Content starts

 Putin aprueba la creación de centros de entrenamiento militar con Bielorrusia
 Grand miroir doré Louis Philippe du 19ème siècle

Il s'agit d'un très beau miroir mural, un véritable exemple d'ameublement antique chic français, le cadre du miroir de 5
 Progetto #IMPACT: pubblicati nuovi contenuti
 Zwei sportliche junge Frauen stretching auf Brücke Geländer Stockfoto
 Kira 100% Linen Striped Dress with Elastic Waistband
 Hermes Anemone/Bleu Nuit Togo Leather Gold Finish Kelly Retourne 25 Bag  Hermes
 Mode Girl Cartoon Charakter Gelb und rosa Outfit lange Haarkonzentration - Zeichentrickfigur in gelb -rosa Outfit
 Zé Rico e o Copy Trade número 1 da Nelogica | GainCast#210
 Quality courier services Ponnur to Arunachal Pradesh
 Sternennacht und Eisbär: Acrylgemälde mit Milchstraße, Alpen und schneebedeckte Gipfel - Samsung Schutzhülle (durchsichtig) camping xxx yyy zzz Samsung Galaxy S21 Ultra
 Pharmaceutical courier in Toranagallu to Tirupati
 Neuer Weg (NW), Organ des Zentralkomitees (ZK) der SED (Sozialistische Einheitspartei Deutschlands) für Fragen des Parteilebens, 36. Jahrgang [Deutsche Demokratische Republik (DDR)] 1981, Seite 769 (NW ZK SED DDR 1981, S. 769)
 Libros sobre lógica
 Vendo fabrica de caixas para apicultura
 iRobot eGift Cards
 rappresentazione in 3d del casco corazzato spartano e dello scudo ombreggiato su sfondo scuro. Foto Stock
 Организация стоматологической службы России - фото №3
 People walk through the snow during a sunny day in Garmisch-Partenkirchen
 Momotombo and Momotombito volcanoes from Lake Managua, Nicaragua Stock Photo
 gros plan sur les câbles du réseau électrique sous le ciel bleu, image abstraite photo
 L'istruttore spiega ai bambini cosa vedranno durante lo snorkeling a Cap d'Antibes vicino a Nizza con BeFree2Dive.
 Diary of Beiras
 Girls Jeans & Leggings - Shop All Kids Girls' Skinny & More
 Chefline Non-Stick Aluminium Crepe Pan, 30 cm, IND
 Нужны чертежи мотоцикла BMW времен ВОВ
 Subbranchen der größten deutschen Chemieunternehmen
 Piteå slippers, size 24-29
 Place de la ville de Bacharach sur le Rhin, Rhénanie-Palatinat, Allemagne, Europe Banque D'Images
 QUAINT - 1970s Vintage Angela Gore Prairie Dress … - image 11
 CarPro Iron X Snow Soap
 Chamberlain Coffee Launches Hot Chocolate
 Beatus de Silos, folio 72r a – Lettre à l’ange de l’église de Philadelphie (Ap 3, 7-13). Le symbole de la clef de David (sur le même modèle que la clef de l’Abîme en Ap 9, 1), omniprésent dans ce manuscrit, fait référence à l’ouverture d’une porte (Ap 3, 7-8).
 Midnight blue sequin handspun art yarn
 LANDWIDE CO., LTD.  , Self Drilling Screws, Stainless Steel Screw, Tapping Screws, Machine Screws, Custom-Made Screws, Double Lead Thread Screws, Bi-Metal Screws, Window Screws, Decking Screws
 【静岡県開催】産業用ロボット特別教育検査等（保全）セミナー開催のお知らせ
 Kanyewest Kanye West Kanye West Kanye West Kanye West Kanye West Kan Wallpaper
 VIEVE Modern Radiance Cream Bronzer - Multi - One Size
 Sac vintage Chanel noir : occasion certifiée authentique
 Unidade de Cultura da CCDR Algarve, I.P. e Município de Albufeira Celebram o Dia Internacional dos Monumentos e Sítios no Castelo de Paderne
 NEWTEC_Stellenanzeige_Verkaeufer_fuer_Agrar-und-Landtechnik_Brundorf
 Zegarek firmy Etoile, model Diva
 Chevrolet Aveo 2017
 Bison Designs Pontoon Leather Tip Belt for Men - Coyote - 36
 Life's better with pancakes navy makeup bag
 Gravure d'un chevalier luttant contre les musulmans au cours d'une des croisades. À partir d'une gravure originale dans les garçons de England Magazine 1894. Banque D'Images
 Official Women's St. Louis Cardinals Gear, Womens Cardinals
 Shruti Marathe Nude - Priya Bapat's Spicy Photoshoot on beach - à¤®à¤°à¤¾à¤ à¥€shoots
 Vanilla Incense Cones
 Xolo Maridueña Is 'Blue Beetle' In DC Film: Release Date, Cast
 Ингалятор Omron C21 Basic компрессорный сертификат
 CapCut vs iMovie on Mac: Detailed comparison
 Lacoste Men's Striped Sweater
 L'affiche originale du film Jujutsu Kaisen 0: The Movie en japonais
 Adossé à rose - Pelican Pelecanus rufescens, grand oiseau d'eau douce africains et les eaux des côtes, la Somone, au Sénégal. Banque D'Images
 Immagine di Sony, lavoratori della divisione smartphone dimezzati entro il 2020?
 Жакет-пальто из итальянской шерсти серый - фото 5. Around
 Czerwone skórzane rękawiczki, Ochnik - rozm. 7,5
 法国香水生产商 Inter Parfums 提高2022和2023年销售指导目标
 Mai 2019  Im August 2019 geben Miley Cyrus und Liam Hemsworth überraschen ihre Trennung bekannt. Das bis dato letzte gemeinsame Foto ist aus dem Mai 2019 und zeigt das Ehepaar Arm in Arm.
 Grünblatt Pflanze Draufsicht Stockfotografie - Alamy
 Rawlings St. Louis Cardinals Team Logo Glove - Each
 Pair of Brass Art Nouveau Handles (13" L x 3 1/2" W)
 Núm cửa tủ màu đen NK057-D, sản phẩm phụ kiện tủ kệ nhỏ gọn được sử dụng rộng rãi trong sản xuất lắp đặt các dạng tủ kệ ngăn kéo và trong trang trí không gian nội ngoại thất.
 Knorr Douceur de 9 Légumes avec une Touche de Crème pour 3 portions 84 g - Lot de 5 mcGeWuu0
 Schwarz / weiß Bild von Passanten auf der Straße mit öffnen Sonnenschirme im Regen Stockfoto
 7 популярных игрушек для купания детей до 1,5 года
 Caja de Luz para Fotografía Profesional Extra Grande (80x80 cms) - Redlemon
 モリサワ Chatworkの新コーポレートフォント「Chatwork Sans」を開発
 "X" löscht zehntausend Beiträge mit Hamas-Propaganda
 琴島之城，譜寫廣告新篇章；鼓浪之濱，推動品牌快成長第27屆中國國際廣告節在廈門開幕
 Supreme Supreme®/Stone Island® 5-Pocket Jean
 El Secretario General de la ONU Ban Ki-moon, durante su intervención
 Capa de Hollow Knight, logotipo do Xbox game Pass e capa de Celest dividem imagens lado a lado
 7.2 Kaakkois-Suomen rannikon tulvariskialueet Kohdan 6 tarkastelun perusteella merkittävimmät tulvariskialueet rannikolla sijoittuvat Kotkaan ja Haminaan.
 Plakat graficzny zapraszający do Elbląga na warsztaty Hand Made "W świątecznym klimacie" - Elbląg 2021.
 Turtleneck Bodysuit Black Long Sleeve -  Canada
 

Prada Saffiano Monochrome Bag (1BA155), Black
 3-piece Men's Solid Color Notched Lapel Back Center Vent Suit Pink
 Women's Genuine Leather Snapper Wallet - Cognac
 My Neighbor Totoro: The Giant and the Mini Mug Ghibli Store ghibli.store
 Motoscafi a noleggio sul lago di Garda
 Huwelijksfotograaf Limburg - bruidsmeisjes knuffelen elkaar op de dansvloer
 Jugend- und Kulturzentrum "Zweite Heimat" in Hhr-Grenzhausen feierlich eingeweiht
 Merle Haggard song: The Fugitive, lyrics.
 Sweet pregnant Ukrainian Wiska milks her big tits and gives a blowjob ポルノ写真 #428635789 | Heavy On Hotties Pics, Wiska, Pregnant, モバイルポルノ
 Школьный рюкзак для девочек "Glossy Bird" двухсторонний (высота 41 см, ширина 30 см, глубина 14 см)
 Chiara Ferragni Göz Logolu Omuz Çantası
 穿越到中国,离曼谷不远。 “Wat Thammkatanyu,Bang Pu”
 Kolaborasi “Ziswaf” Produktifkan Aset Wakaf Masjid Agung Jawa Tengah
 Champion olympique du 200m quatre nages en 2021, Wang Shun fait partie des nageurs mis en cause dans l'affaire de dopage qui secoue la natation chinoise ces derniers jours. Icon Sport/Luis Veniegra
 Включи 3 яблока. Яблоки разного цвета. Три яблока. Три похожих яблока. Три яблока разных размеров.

Content ends

What you have to do: Copy exactly the opening line of the material, the line bearing "Pharmaceutical courier in", and every line between them. Include nothing else.

Response box:
 Putin aprueba la creación de centros de entrenamiento militar con Bielorrusia
 Grand miroir doré Louis Philippe du 19ème siècle

Il s'agit d'un très beau miroir mural, un véritable exemple d'ameublement antique chic français, le cadre du miroir de 5
 Progetto #IMPACT: pubblicati nuovi contenuti
 Zwei sportliche junge Frauen stretching auf Brücke Geländer Stockfoto
 Kira 100% Linen Striped Dress with Elastic Waistband
 Hermes Anemone/Bleu Nuit Togo Leather Gold Finish Kelly Retourne 25 Bag  Hermes
 Mode Girl Cartoon Charakter Gelb und rosa Outfit lange Haarkonzentration - Zeichentrickfigur in gelb -rosa Outfit
 Zé Rico e o Copy Trade número 1 da Nelogica | GainCast#210
 Quality courier services Ponnur to Arunachal Pradesh
 Sternennacht und Eisbär: Acrylgemälde mit Milchstraße, Alpen und schneebedeckte Gipfel - Samsung Schutzhülle (durchsichtig) camping xxx yyy zzz Samsung Galaxy S21 Ultra
 Pharmaceutical courier in Toranagallu to Tirupati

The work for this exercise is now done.